*** Opening Material provided ***
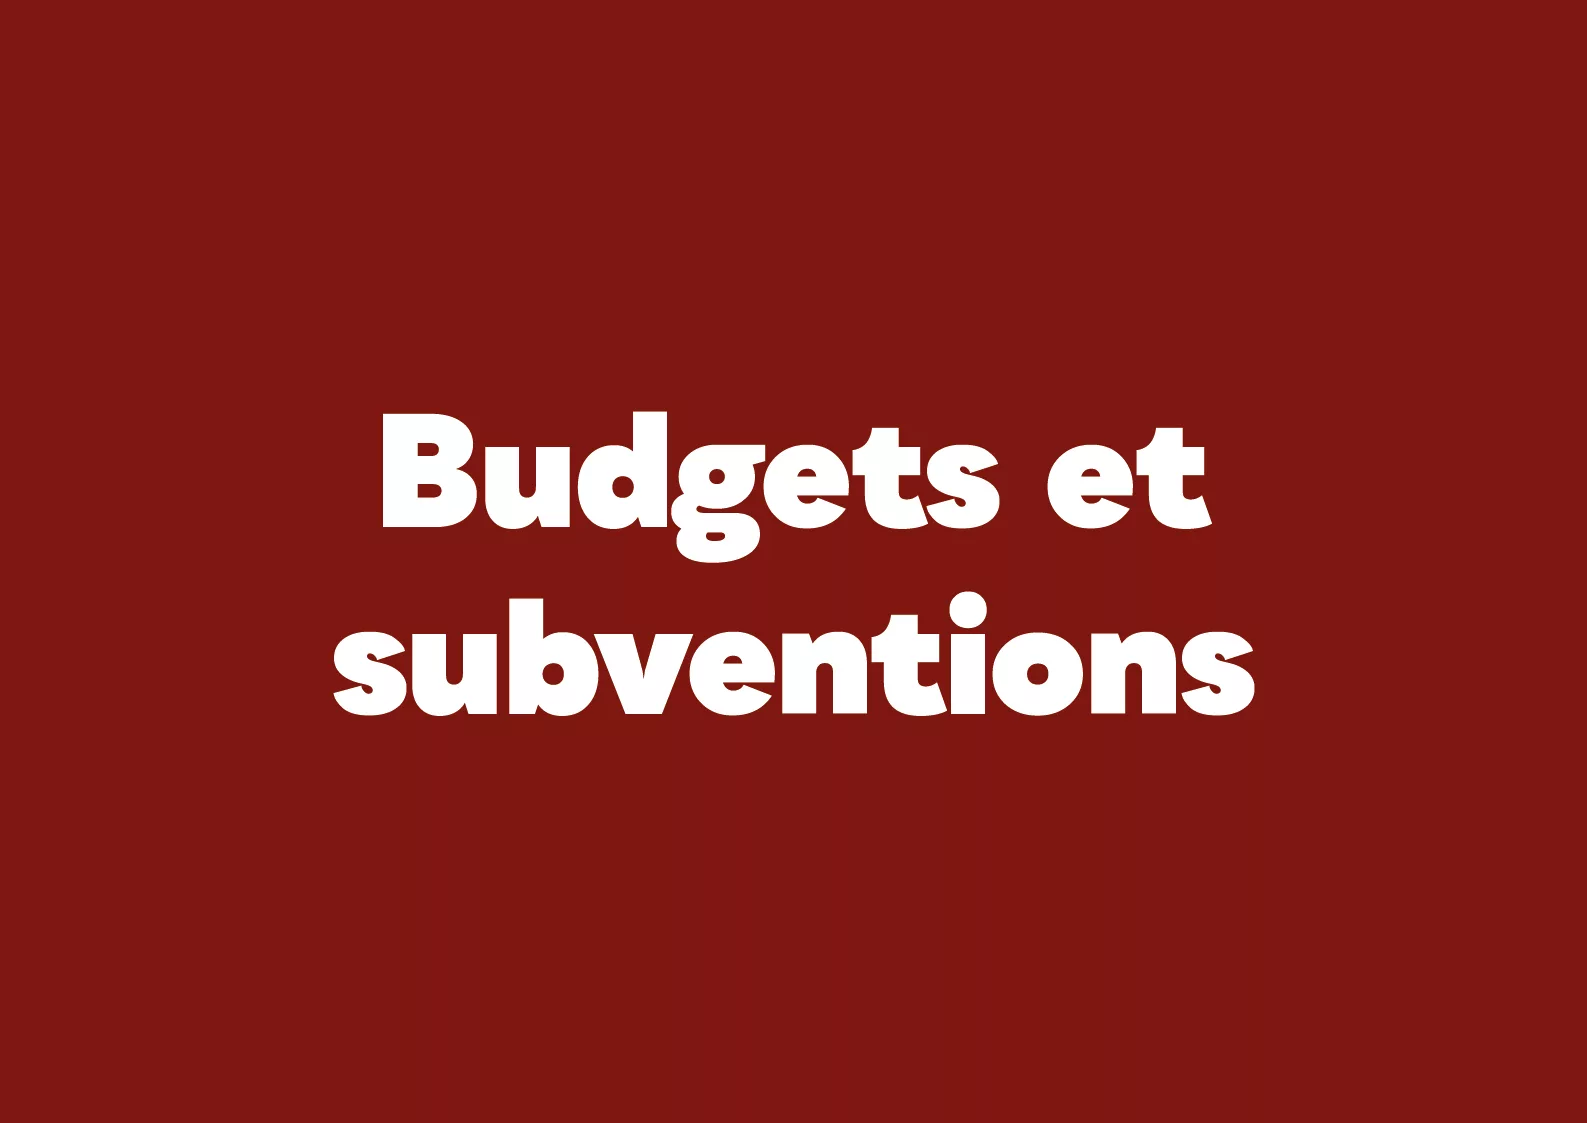 Budgets et subventions
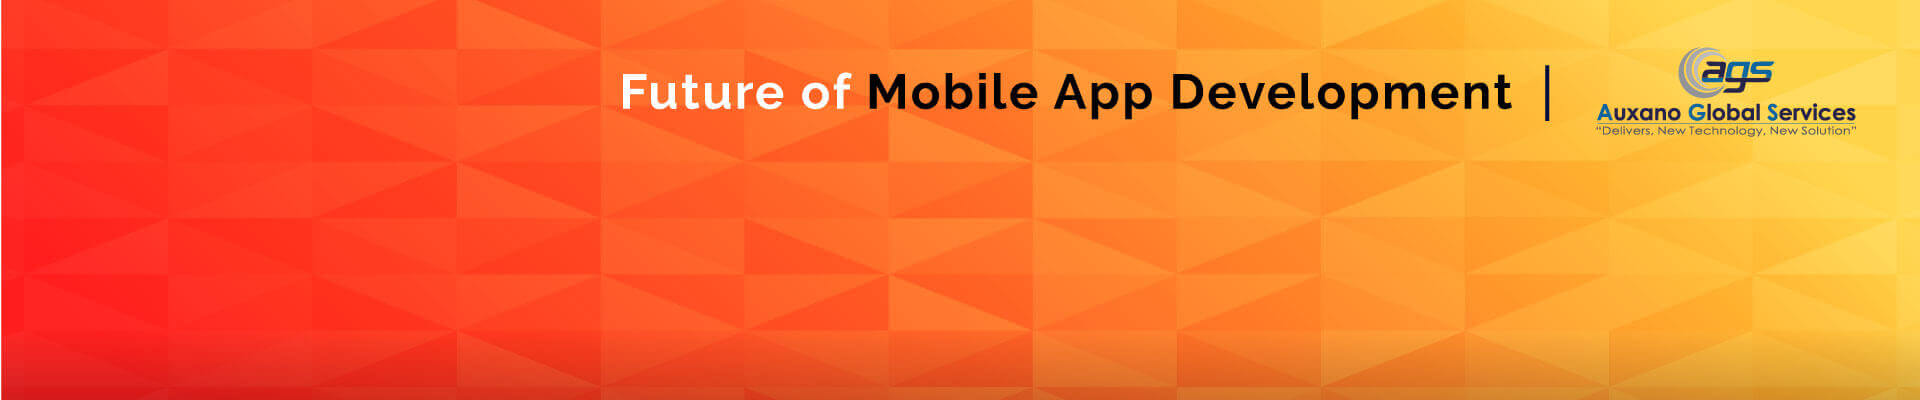 Futue-of-Mobile-App-Development-Inner-Banner
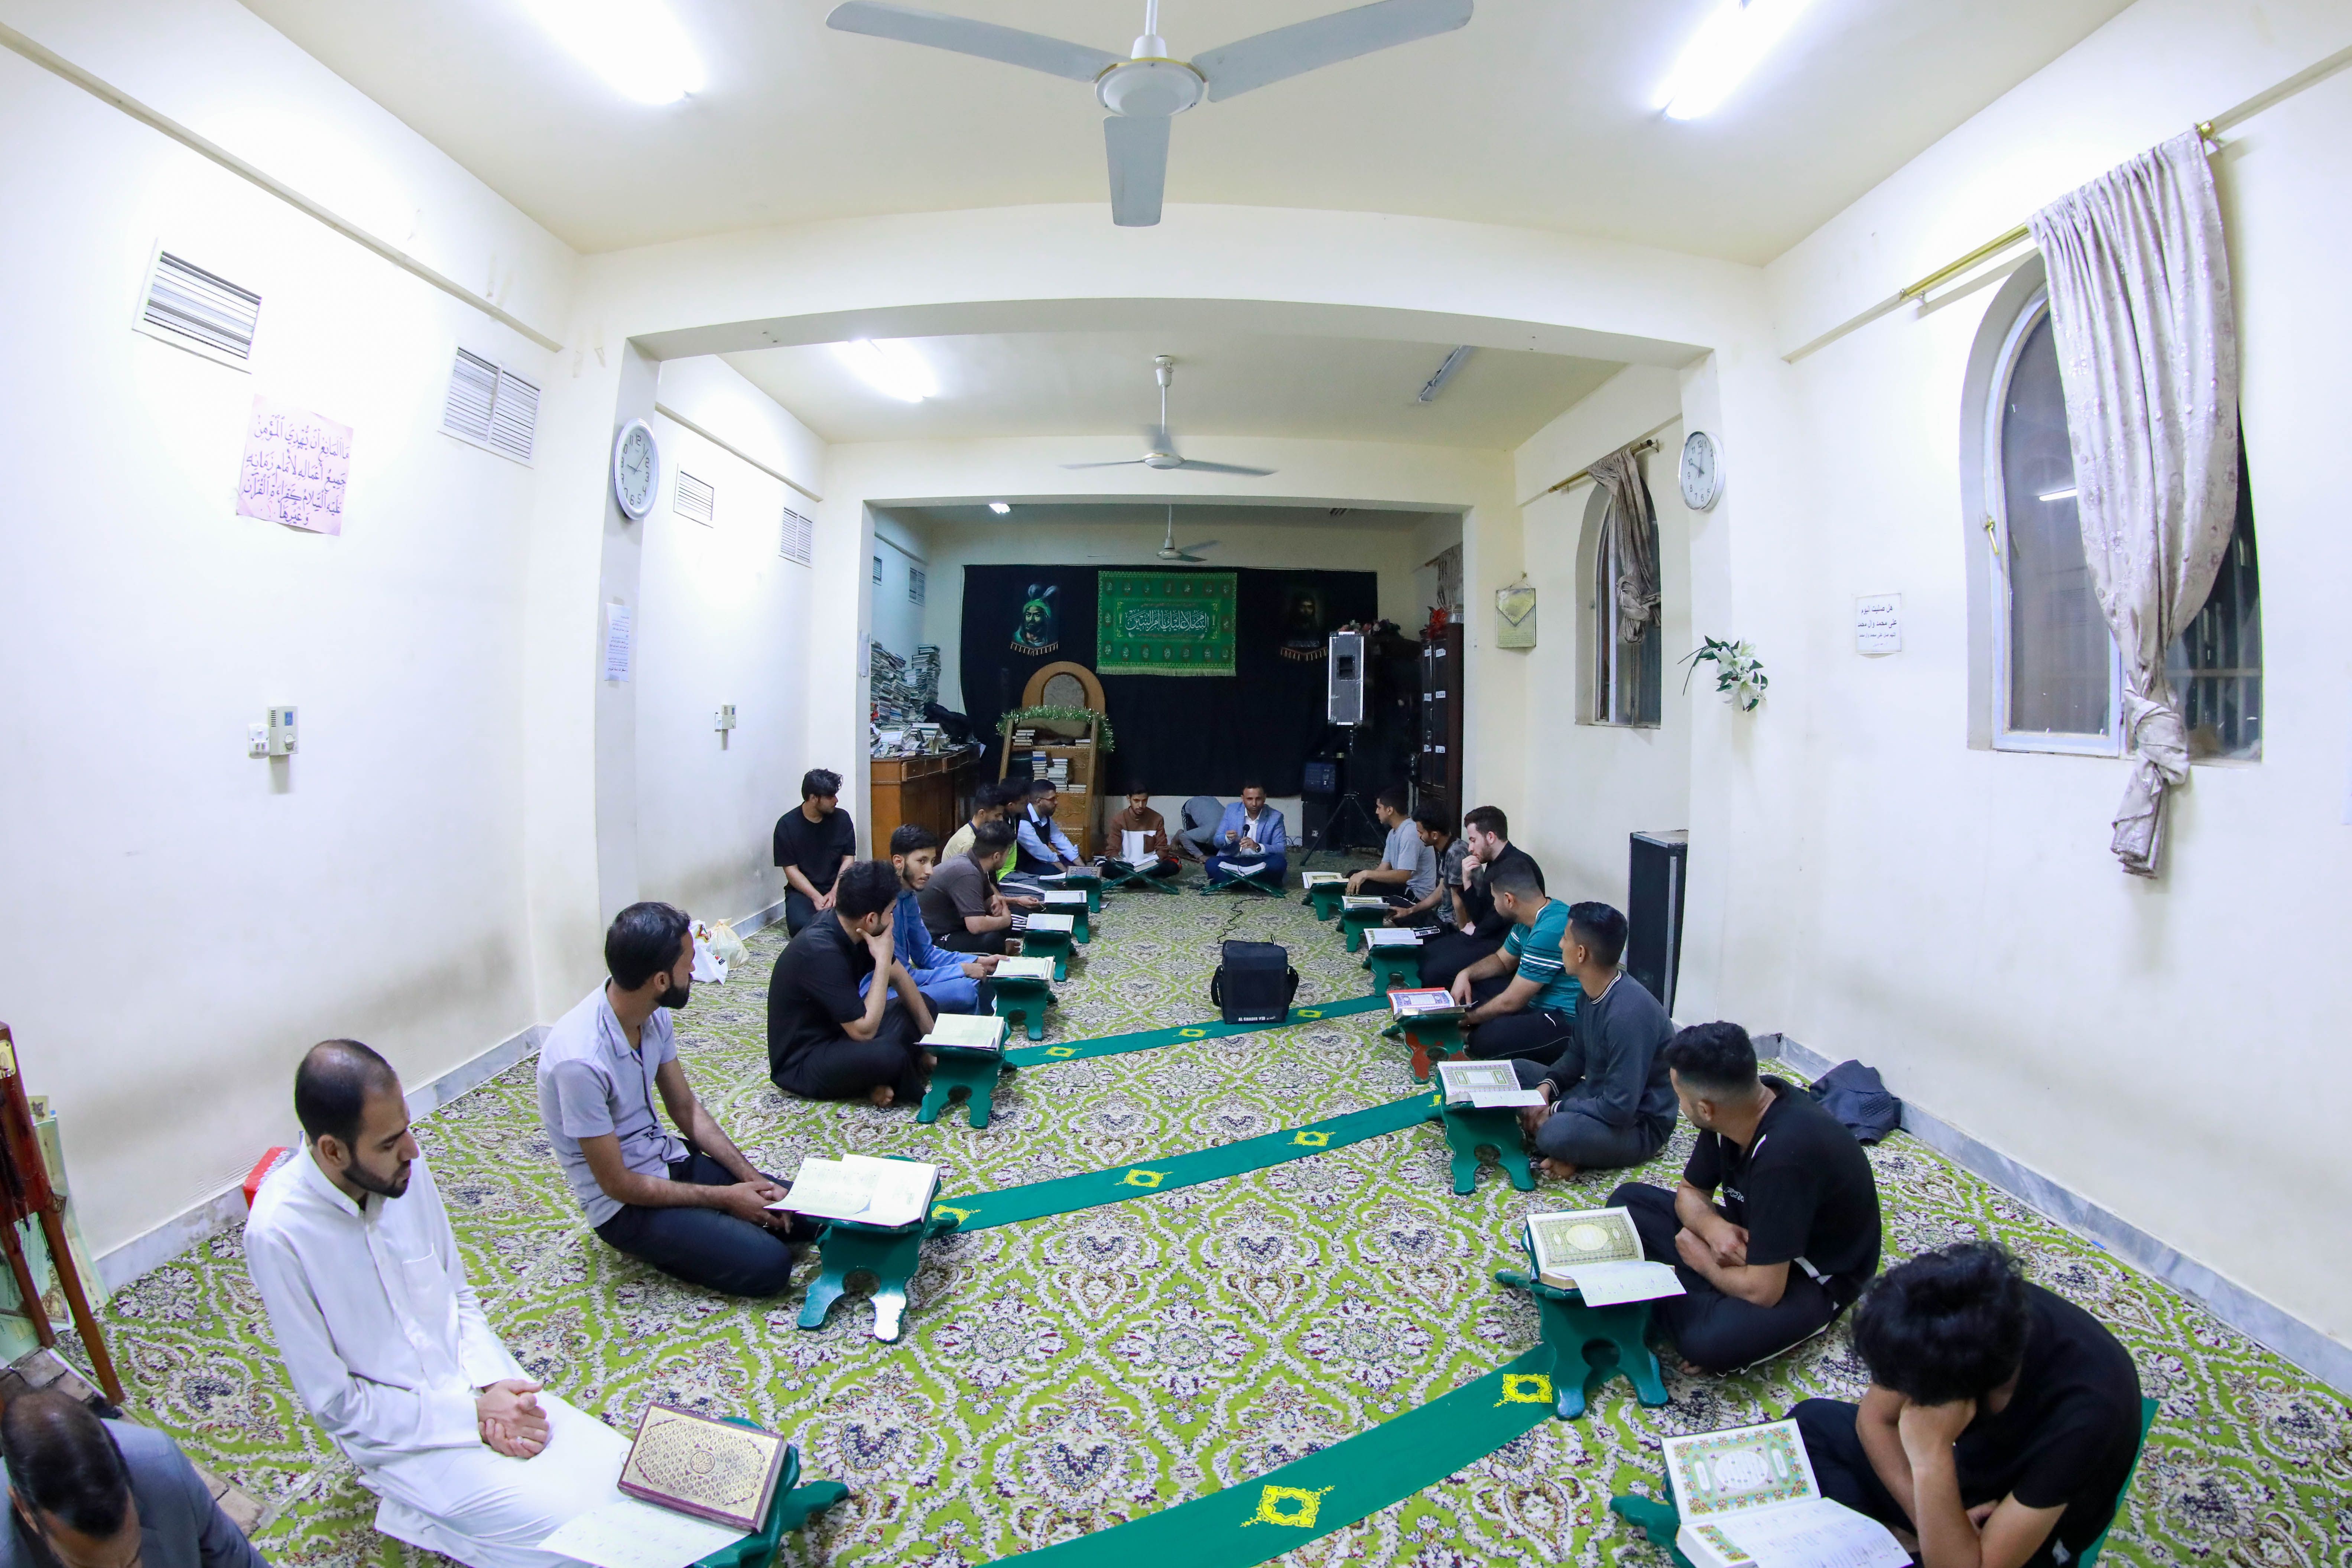 جامعة كربلاء تحتضن أمسية قرآنية في أقسامها الداخلية ضمن المشروع القرآني في الجامعات
*** Closing Material provided ***
Apart from the images, retype the full material exactly as written.

**Exercise result:**
 Budgets et subventions
 Futue-of-Mobile-App-Development-Inner-Banner
 جامعة كربلاء تحتضن أمسية قرآنية في أقسامها الداخلية ضمن المشروع القرآني في الجامعات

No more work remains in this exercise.